Reputation: 23
I have little experience with JS and I'm following a video course on React. Most things makes sense but I'm having some trouble with reference scopes.
Here's what the tutor writes:
const orderIds = Object.keys(this.props.order);
const total = orderIds.reduce((prevTotal, key) => {
const fish = this.props.fishes[key];
const count = this.props.order[key];
const isAvailable = fish && fish.status === 'available';
if (isAvailable === true) {
return prevTotal + count * fish.price;
} else {
return prevTotal;
}
}, 0);
He is using an arrow-function. It works of course.
I want to do the same but with writing a "normal" function, because for now I don't want to make any shortcuts:
const orderIds = Object.keys(this.props.order);
const total = orderIds.reduce(
function(prevTotal, key) {
const fish = this.props.fishes[key];
const count = this.props.order[key];
const isAvailable = fish && fish.status === 'available';
if (isAvailable === true) {
return prevTotal + (count * fish.price);
} else {
return prevTotal;
}
}
, 0);
The problem is:
TypeError: this is undefined
So there's a problem with the scope of the reference to this.props...

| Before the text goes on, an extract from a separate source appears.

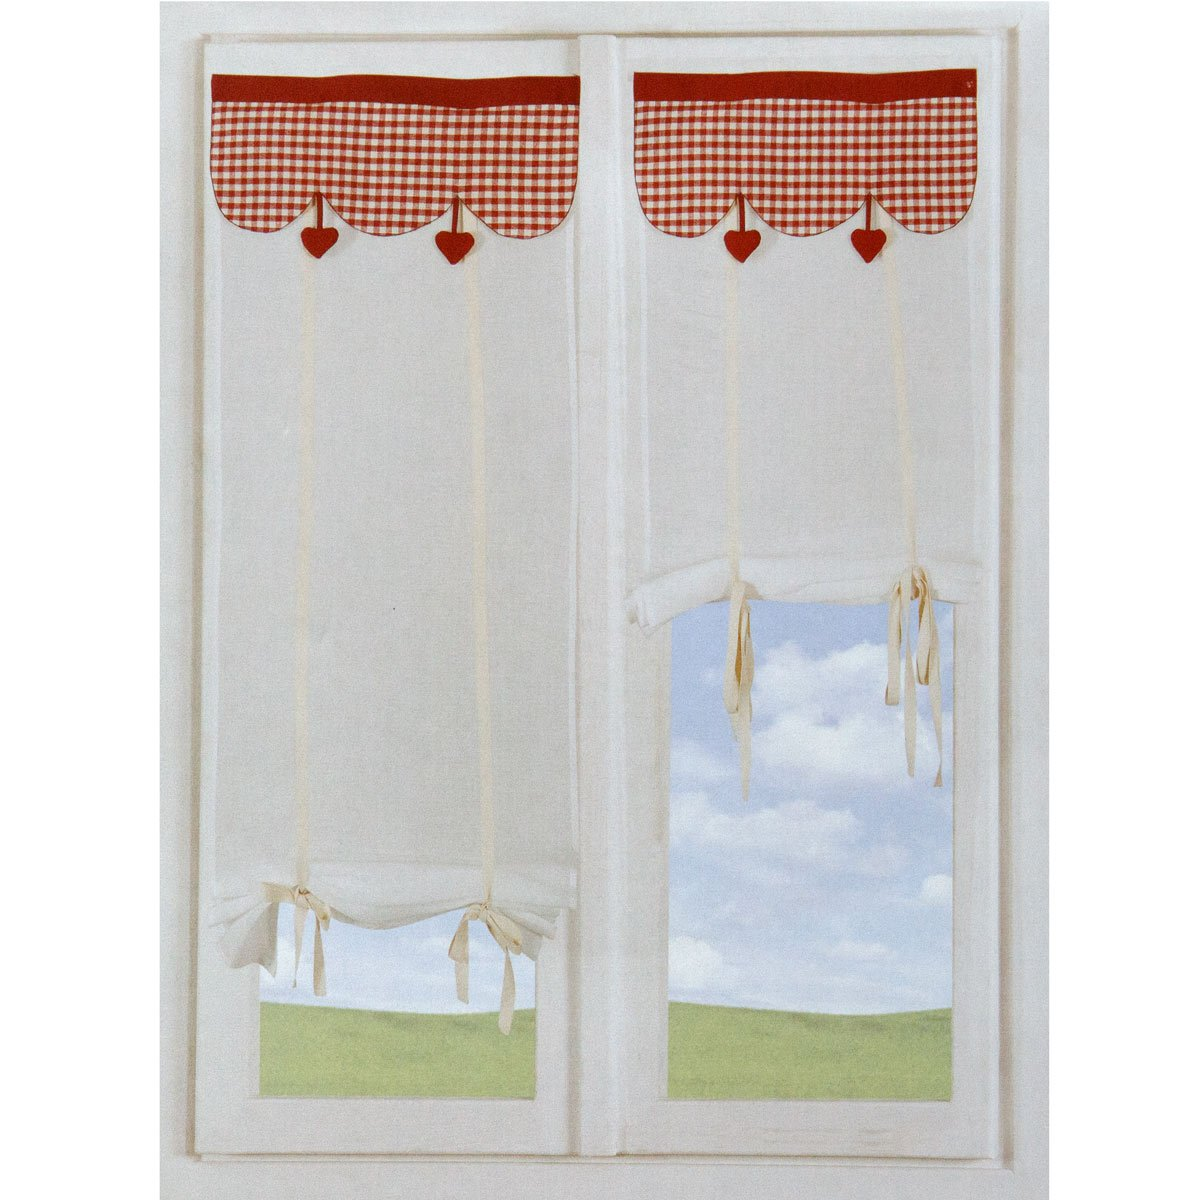 Coppia Tende tendine regolabili vetro finestra 60x150 cm Wendy M377 ...

I got this to work within a .map()-function by passing it a second argument of
... , this)
from searching online about referencing this.
That doesn't work for the reduce()-function. So, what can one do in my situation? Again, I don't want to use the shorter arrow-function because it's like a shortcut I don't want to use when learning. I've searched online about scopes on this and also about the reduce()-function but the examples I've seen doesn't quite fit what I'm looking for, or I'm simply not savvy enough to use what they're writing.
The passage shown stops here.